Furthermore, for publicly listed companies, the rules on insider trading deserve special attention. If the subsidiary’s management obtain inside information, its dissemination within the group is also subject to the provisions of the Market Abuse Regulation. This means that if such information is the subject of reporting, special caution is required. However, only the “unlawful” disclosure of inside information is prohibited (see Article 10(1) no. 1 and Article 14(c) Market Abuse Regulation). In this case (as for the question of equal treatment of shareholders) it is appropriate to consider the group situation.

It is sometimes claimed that group interests and management of the group essentially follow the interests of the parent company and thus cannot justify the “upward” disclosure of inside information. However, there is at least general agreement that disclosure in order to allow the parent company to meet its legal obligations, including group reporting, is permissible.

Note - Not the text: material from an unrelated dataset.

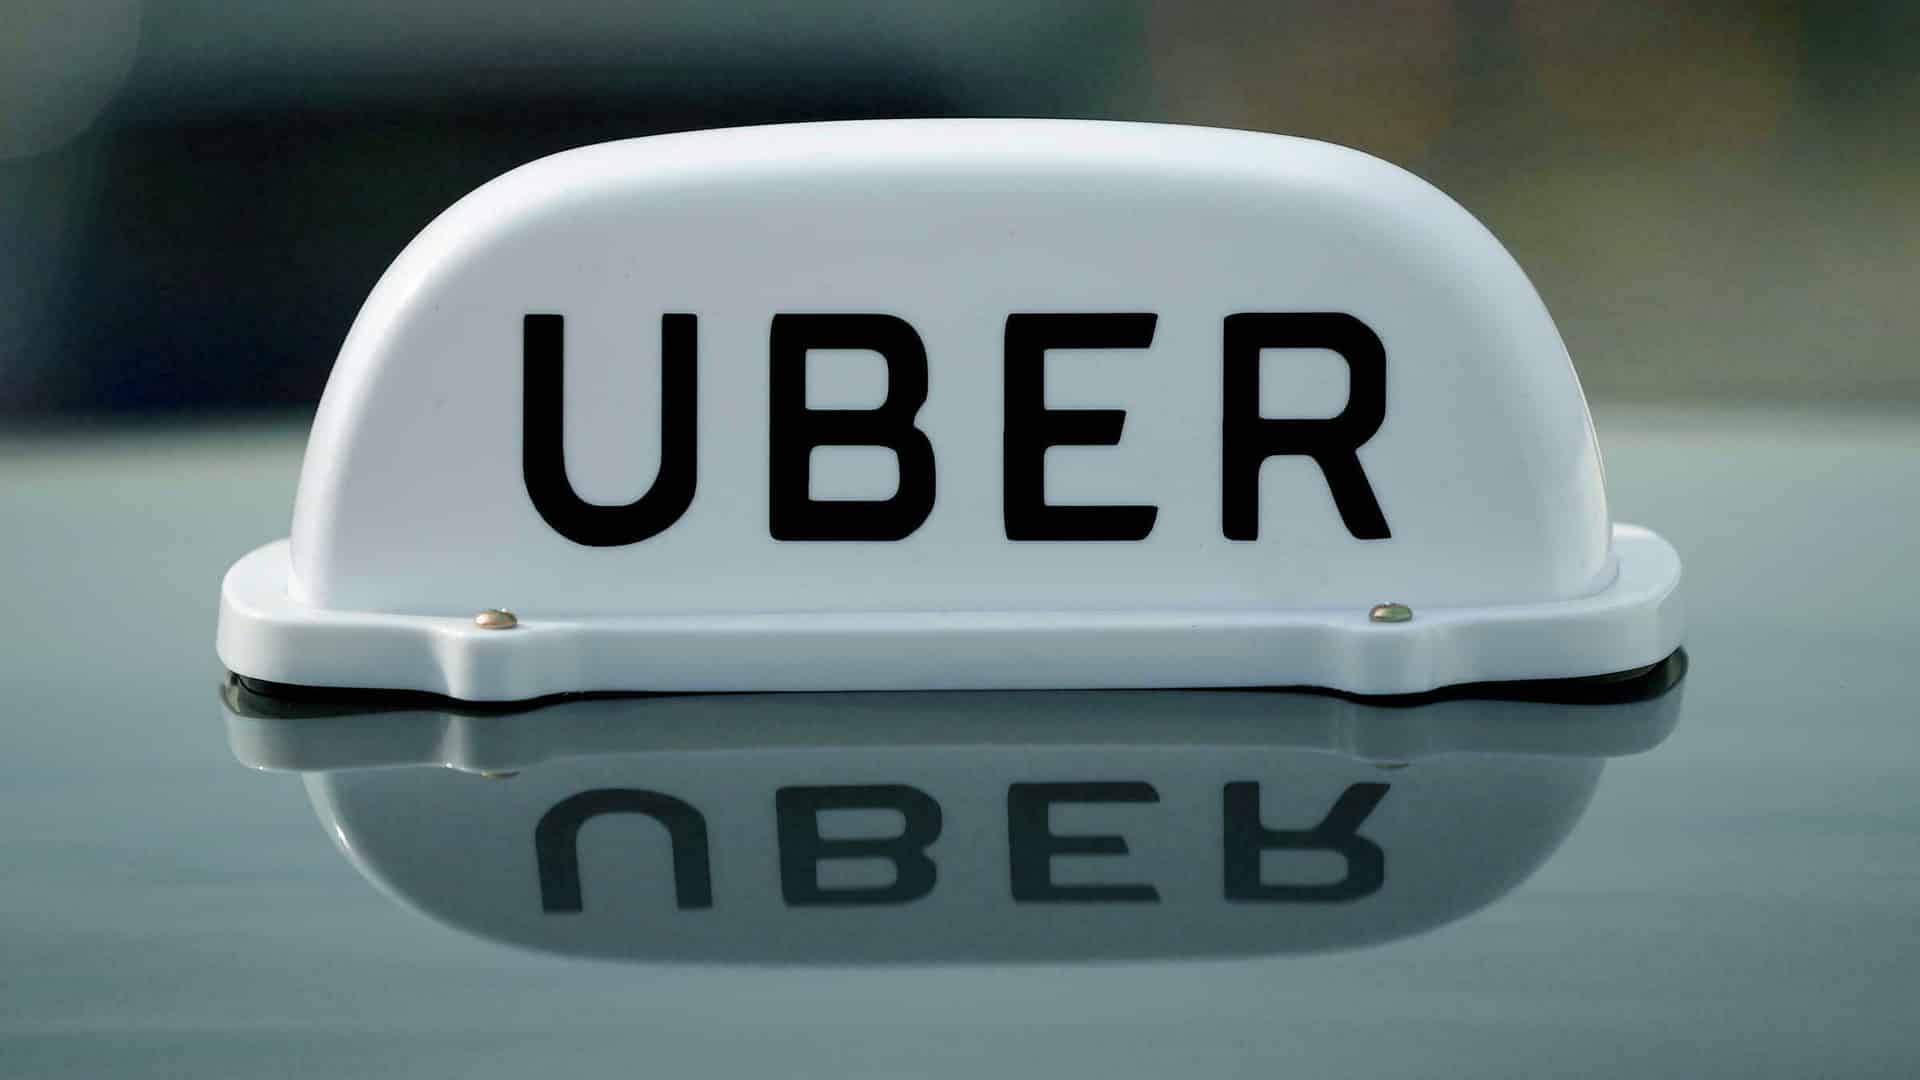 Uber names Nitish Bhushan as Central Ops Director for India, Bangladesh, Sri Lanka

As with section 311 German Stock Corporation Act, however, it must be ensured that the use of the information is consistent with the justification for its disclosure within the group. If disclosing inside information is only justified against the background of the group-internal (statutory) performance of duties, it must be contractually ensured that it is only used for these purposes, and in particular not for the parent company’s own economic advantage. Furthermore, the legality of the disclosure of inside information depends on whether it is proportionate. In this situation provision of a two-stage process is possible in which the subsidiary first fulfils its reporting obligations to a reduced extent, i.e. by omitting the inside information in question. Then, if the parent company believes that this is not sufficient for reporting purposes, a consensual decision must be made on careful and legally compliant disclosure of the inside information.

Conclusion

Since the flow of information within a group is indisputably essential to the functioning of the group, practical ways must be found to enable the group to be managed – including and especially across national borders. In this context, it is apparent that the current law does not place insurmountable obstacles in the way of contractual reporting obligations within the group, but it does erect barriers in various respects that must be observed when drafting such agreements. The interest of the parent company in managing the group effectively and in a legally compliant manner, which is generally recognised as legitimate, is the key factor.